Oil prices that are too high give importing nations headaches, while oil prices that are too low upset the budgets of the oil producing nations including Canada and its provinces of Alberta and Saskatchewan.

We are in an entirely new situation. In spite of trillions being pumped into the economy in an effort to generate inflation, deflation is looming. Cheap oil spells big-time trouble. Tar sand oil needs close to $80 per barrel to be profitable. Harper wants to sell the stuff in the USA, but the USA doesn’t need more oil: fracking, more renewables and the continuing and worsening recession have driven down the need for oil. The Middle East needs $100 oil to keep its people happy. Russia is in the same position. Cheap oil is a calamity for all. But it looks now that’s what is coming. Also everybody has debt, and debt can only be paid when oil is pricey. A return to cheap oil spells doom, resulting in Alberta going broke, resulting in Saudi Arabians going back on the bike or rather the camel, not very comfortable when being used to air-conditioned Rolls Royces. Also both the USA and Canada can easily manage on a lot less oil. Europe lives well at less than half the USA consumption and we are slowly adopting a European life style thanks to Hybrid cars, more renewables and especially a slowdown in the economies.

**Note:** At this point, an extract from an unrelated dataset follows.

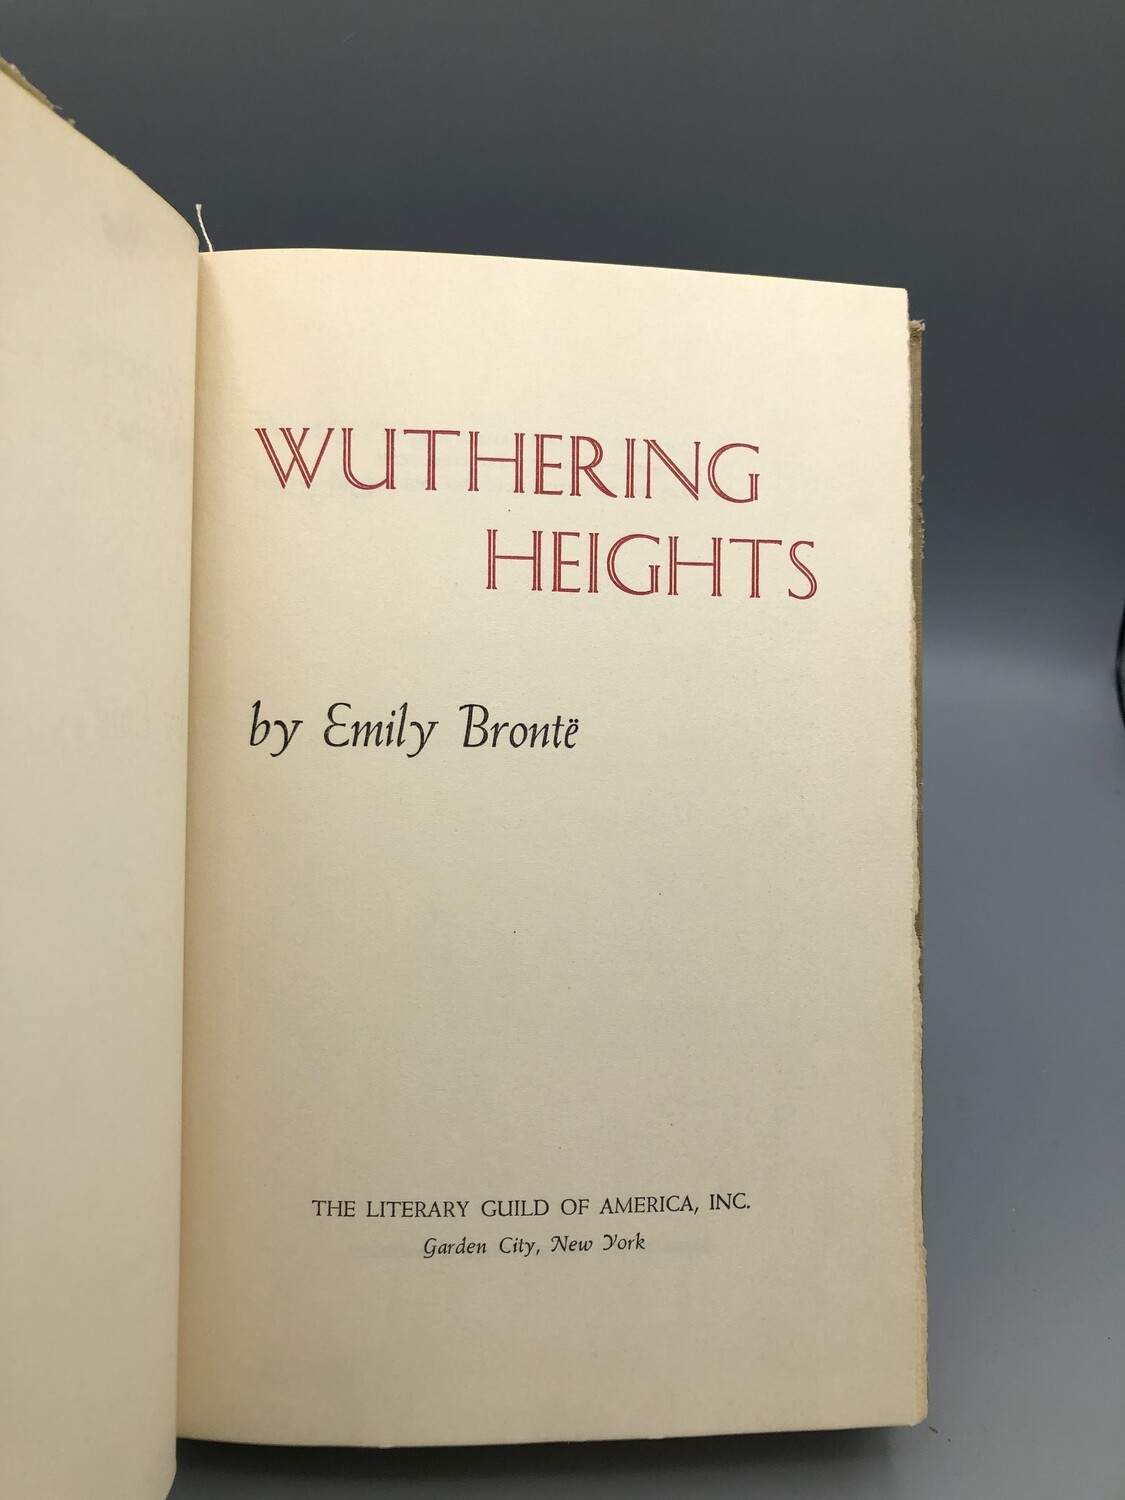 Wuthering Heights Book c 1930

What do I see out there in the wide-wild-world? China will continue to manage with its cheap labour and ever- more dirty coal, stealing jobs and progress in the West. We need economic growth to save the system and high oil prices to keep the world happy. With continued less economic activity, less oil being used, the picture of Peak Oil is fading. Oil production peaked in or near 2005 and has fallen since, and so has demand. But all those in the international oil business are still banking on $100+ oil. That’s why Harper was in the USA this past week, selling expensive and extremely dirty oil for which there may not be a market. Companies have invested billions to produce this oil and have gone deep into debt to finance it. The entire oil world needs expensive oil. If the price goes down, so does the entire financial world.